== What the task asks ==
Return every line below as is, leaving out the pictures.

== Recorded information ==
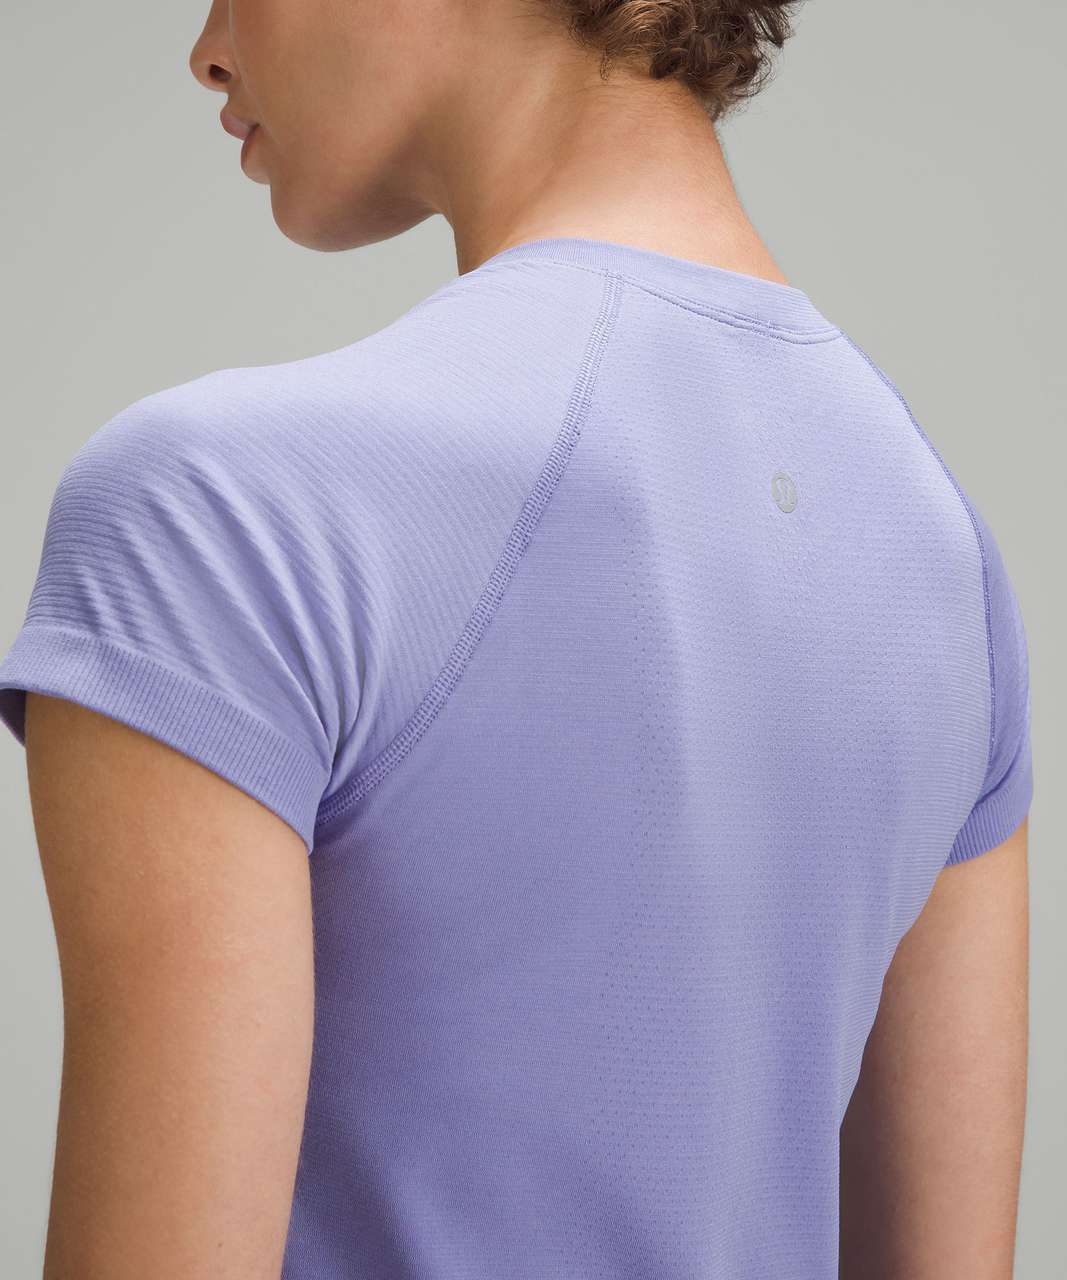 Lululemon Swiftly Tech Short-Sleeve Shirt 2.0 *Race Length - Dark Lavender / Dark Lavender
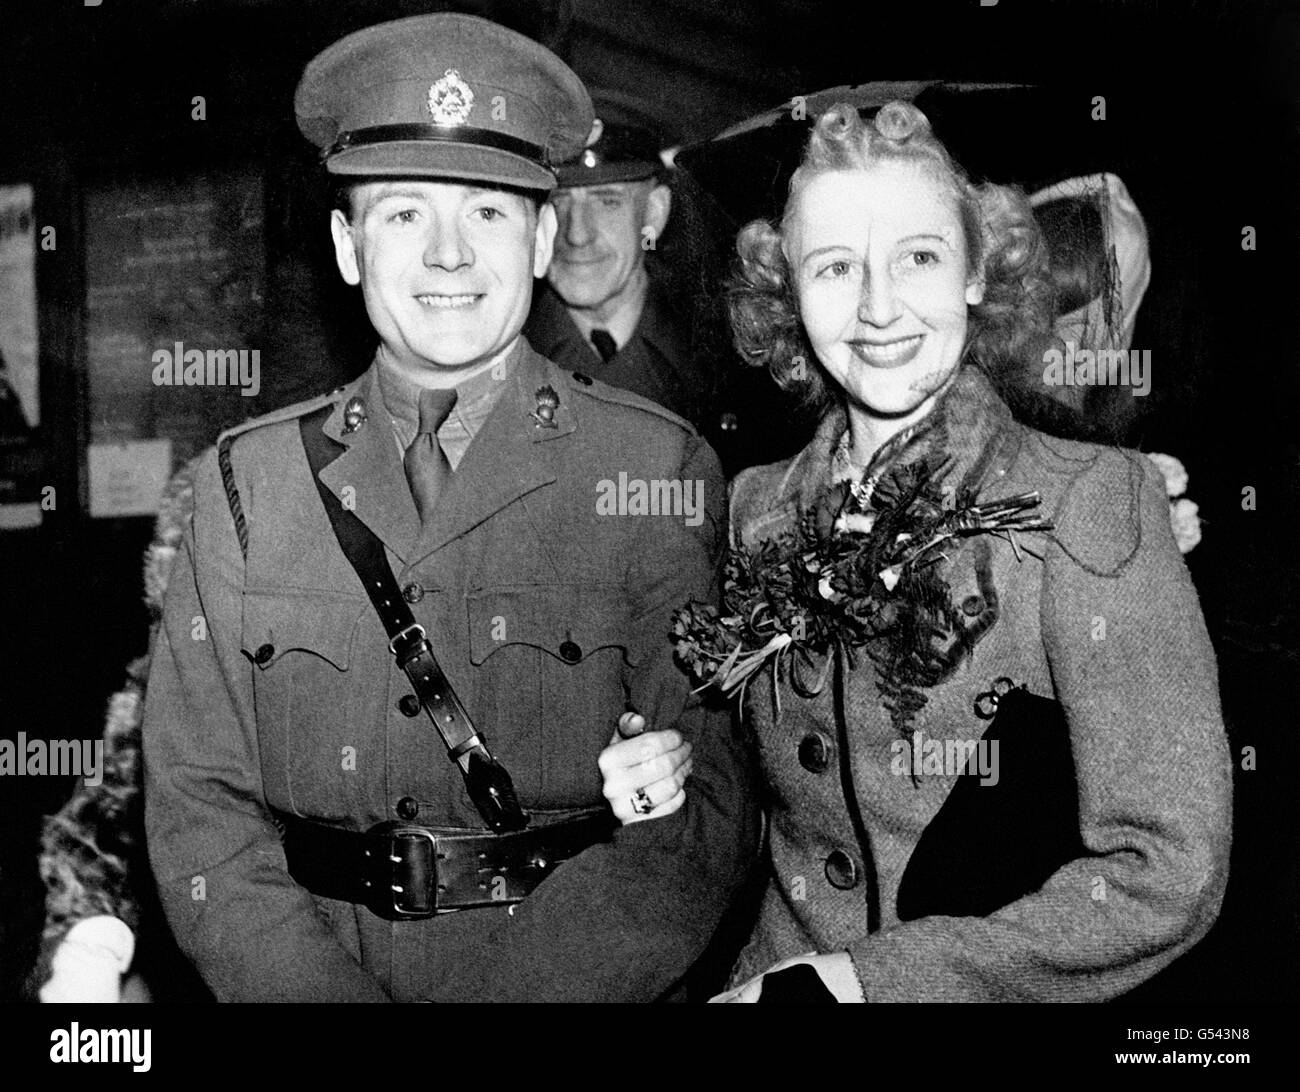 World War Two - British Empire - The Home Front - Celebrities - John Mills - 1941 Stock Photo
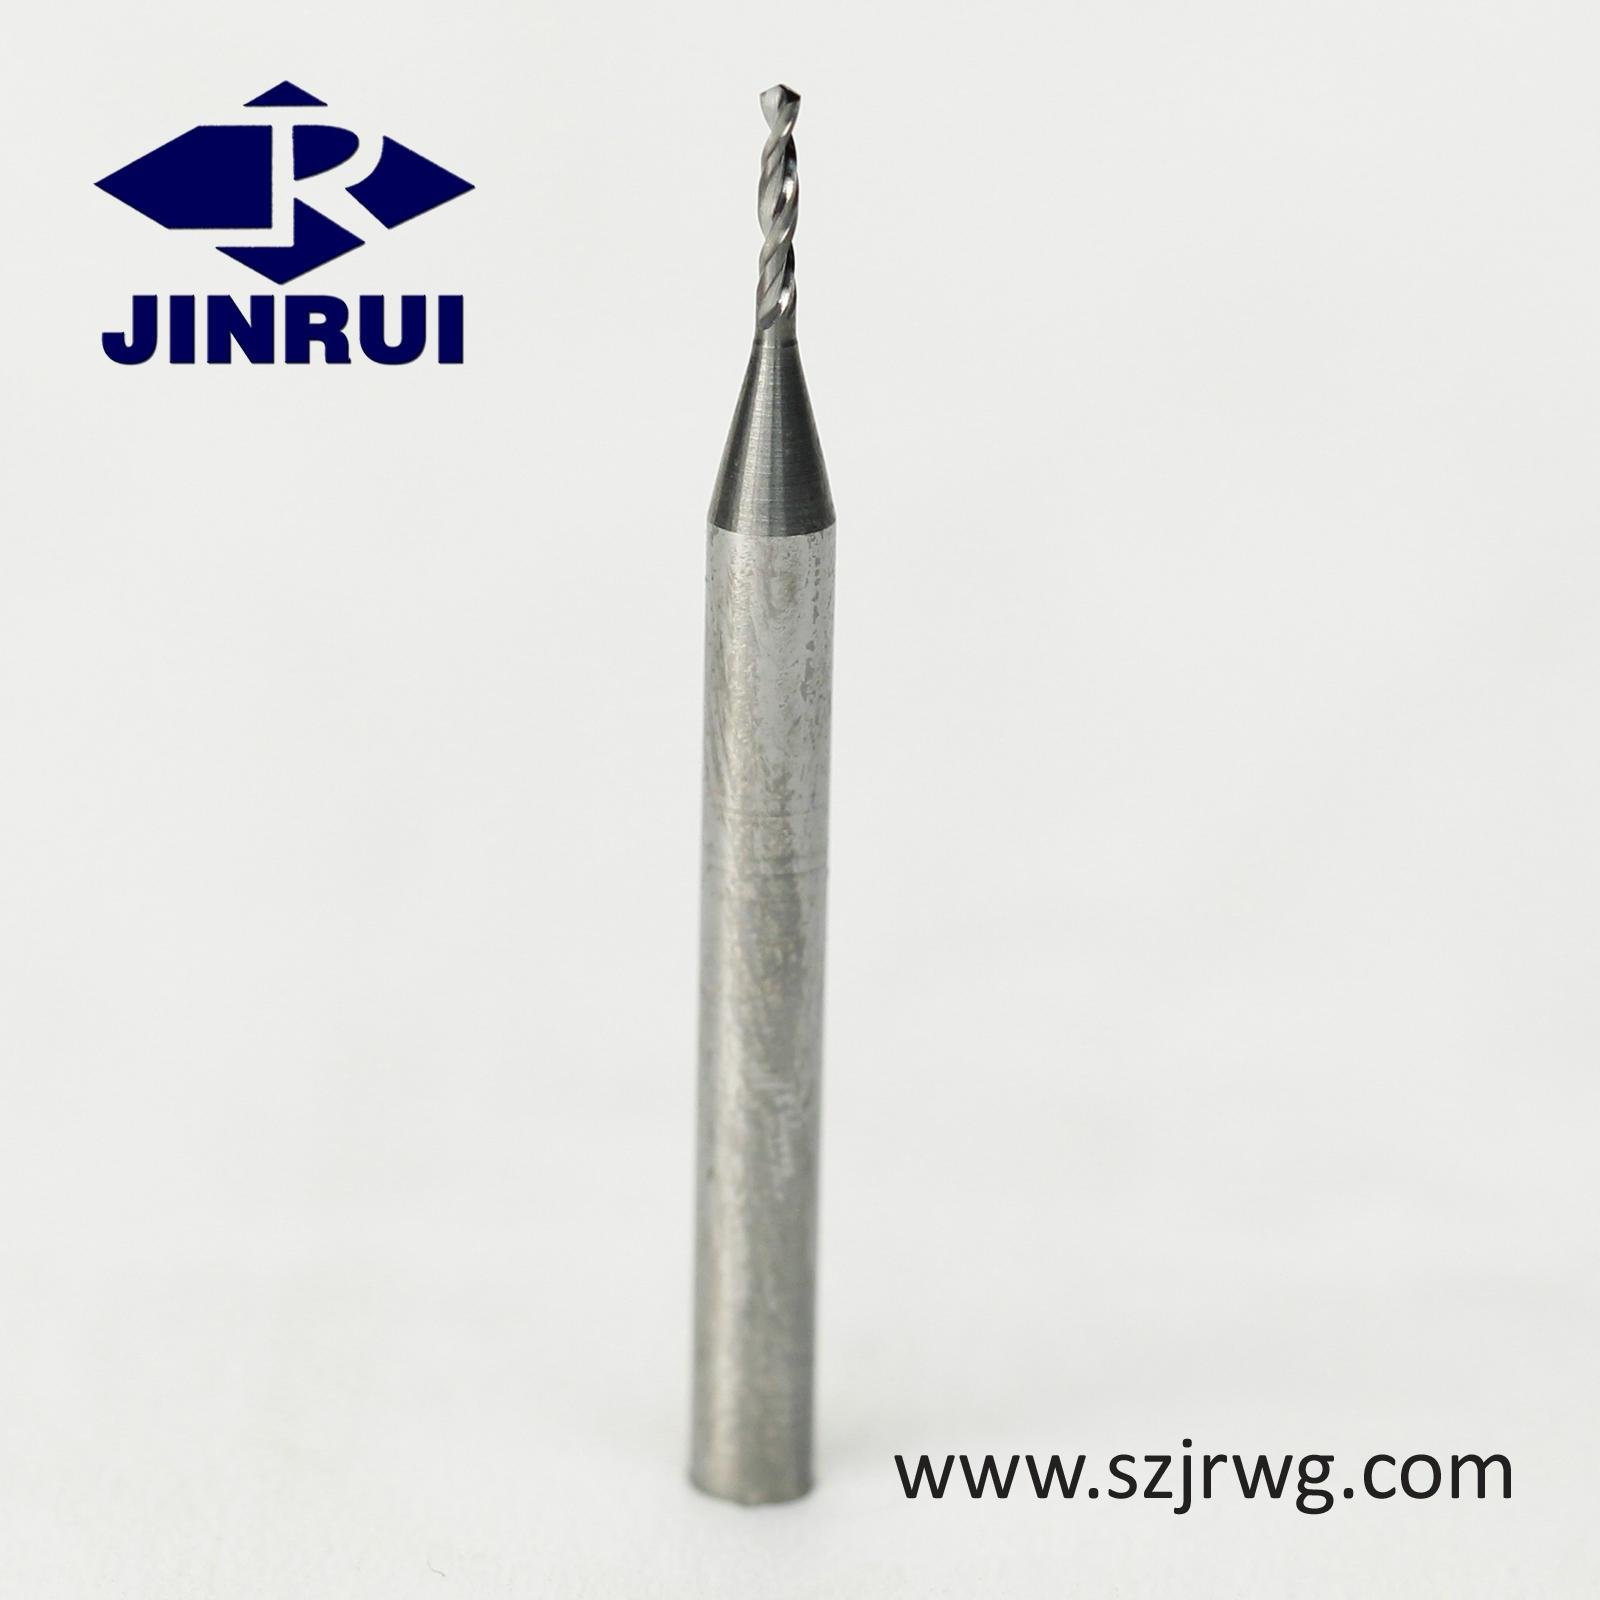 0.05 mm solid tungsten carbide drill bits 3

== Answer below ==
 Lululemon Swiftly Tech Short-Sleeve Shirt 2.0 *Race Length - Dark Lavender / Dark Lavender
 World War Two - British Empire - The Home Front - Celebrities - John Mills - 1941 Stock Photo
 0.05 mm solid tungsten carbide drill bits 3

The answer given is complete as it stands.